_DATA BELOW_
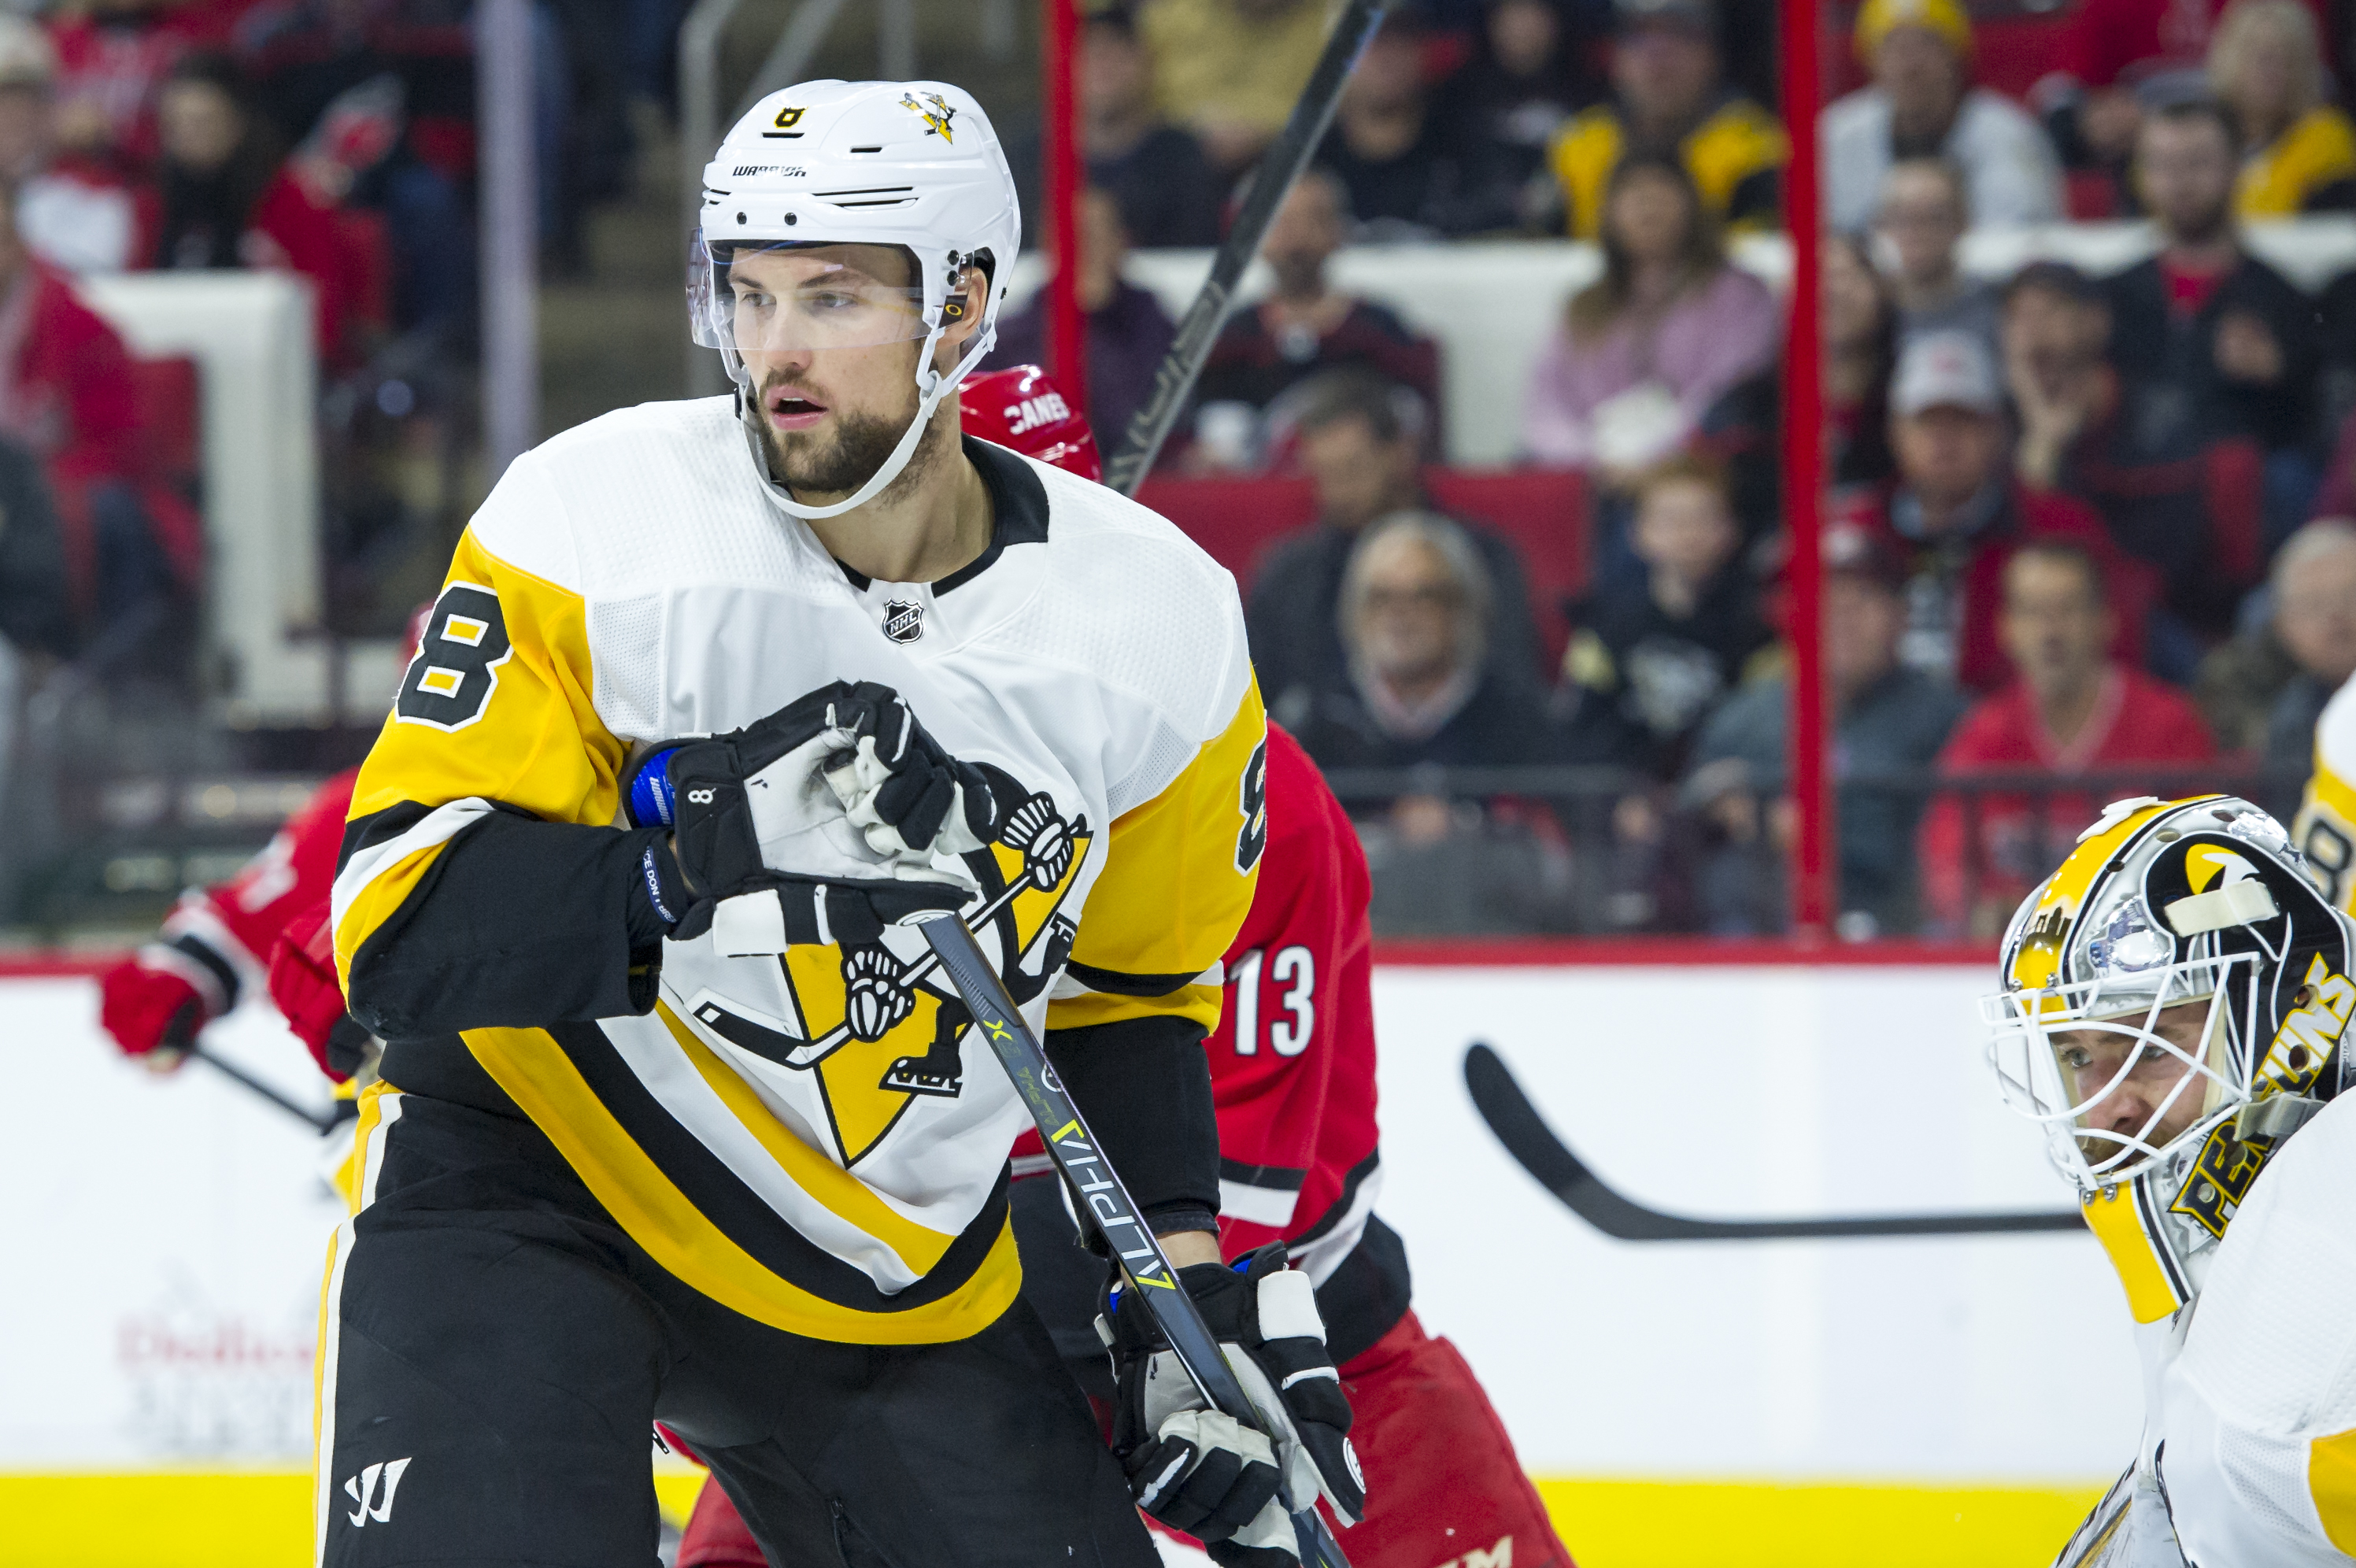 As Games Take on a Playoff Feel, Penguins Look to Improve Attention to Detail
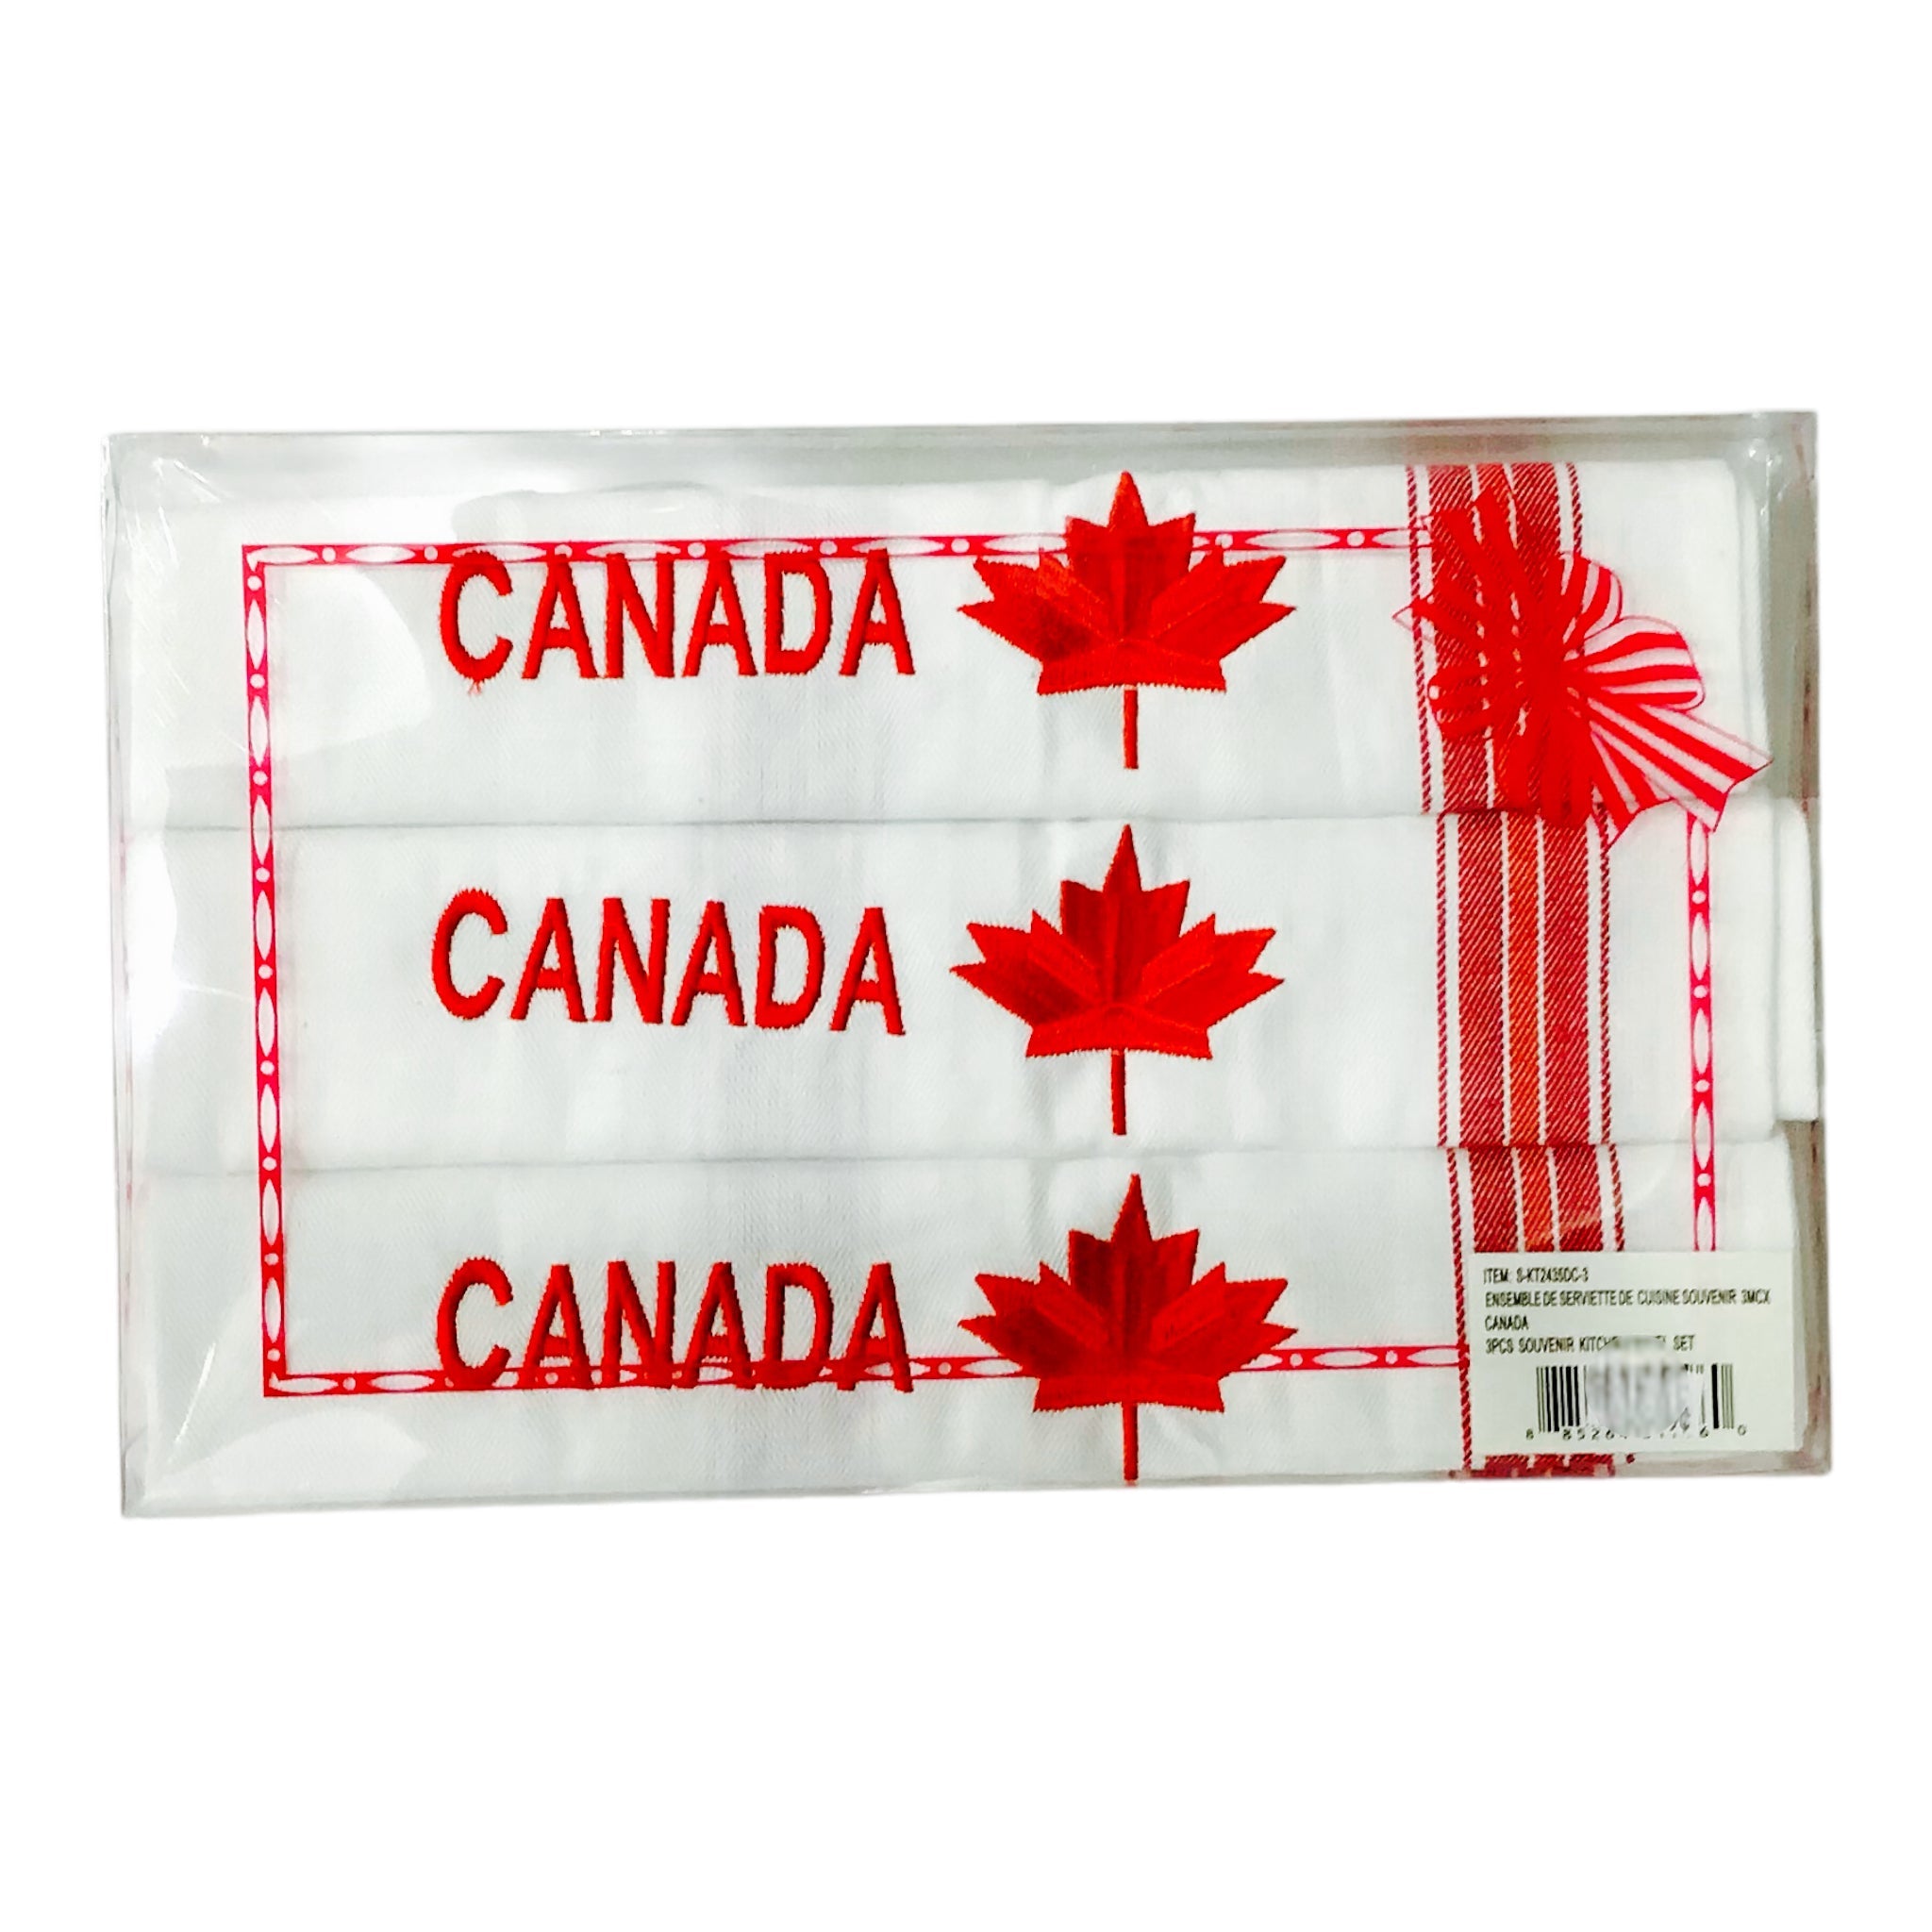 S/3 KITCHEN TOWELS CANADA MAPLE LEAF EMBROIDERY SOUVENIR GIFT PACK
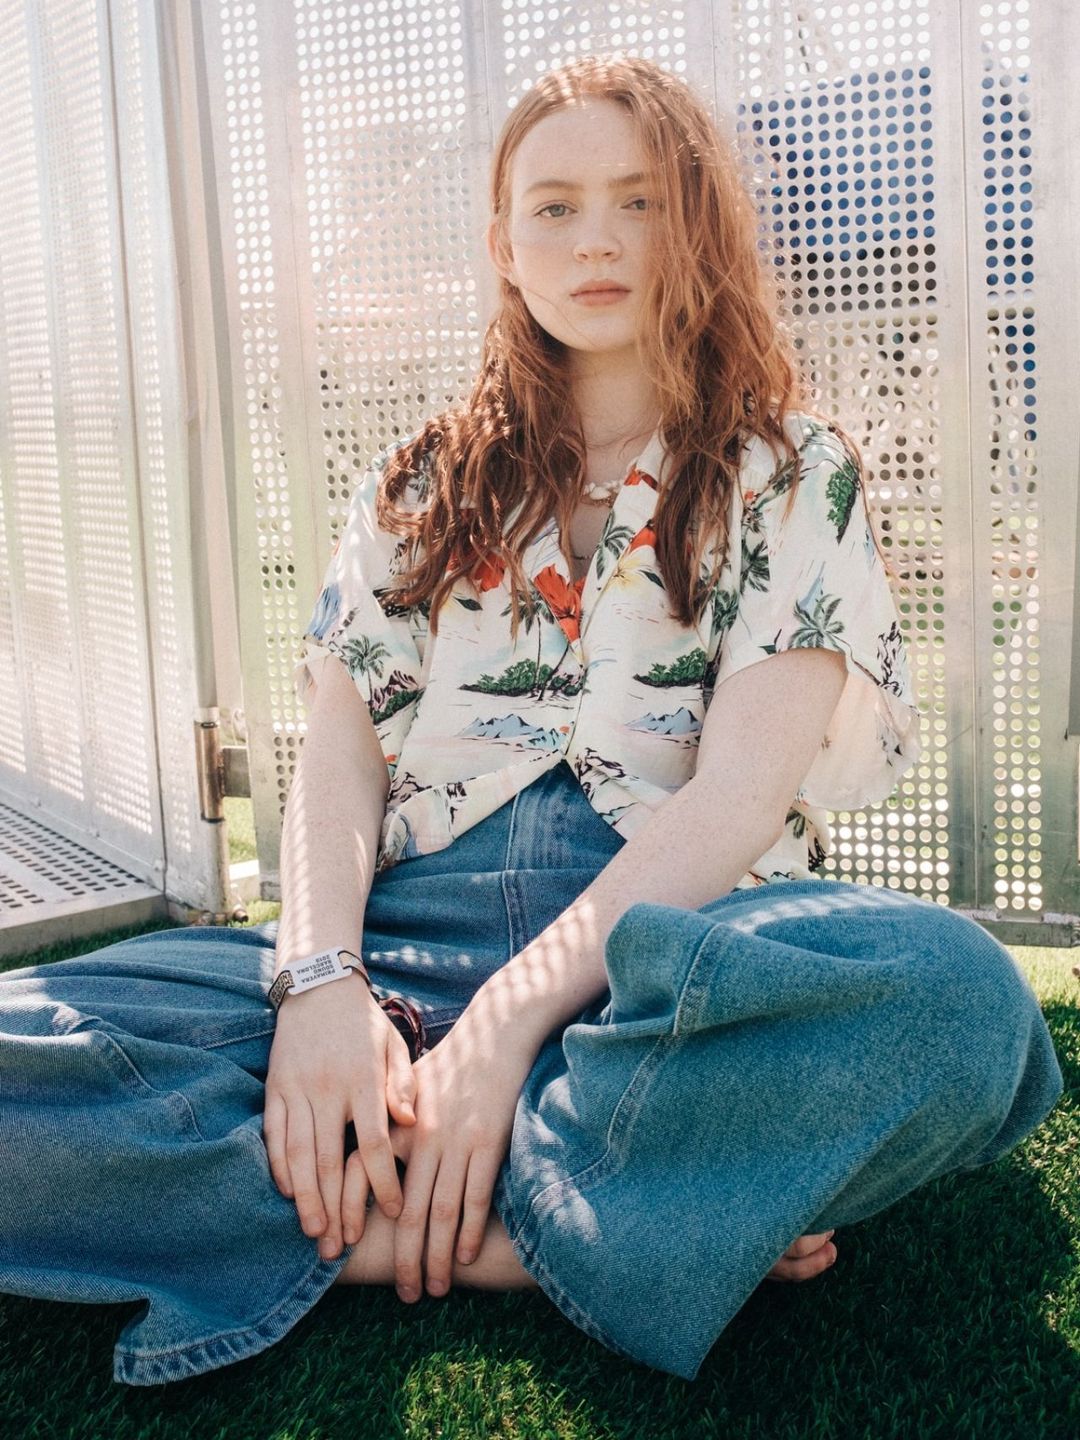 Sadie Sink height and weight

_WHAT IS NEEDED_
I need the lines from the line containing "S/3 KITCHEN TOWELS" through the final line of the listing duplicated exactly, both ends included, with no pictures and nothing else.

_RESULT OF THIS TASK_
 S/3 KITCHEN TOWELS CANADA MAPLE LEAF EMBROIDERY SOUVENIR GIFT PACK
 Sadie Sink height and weight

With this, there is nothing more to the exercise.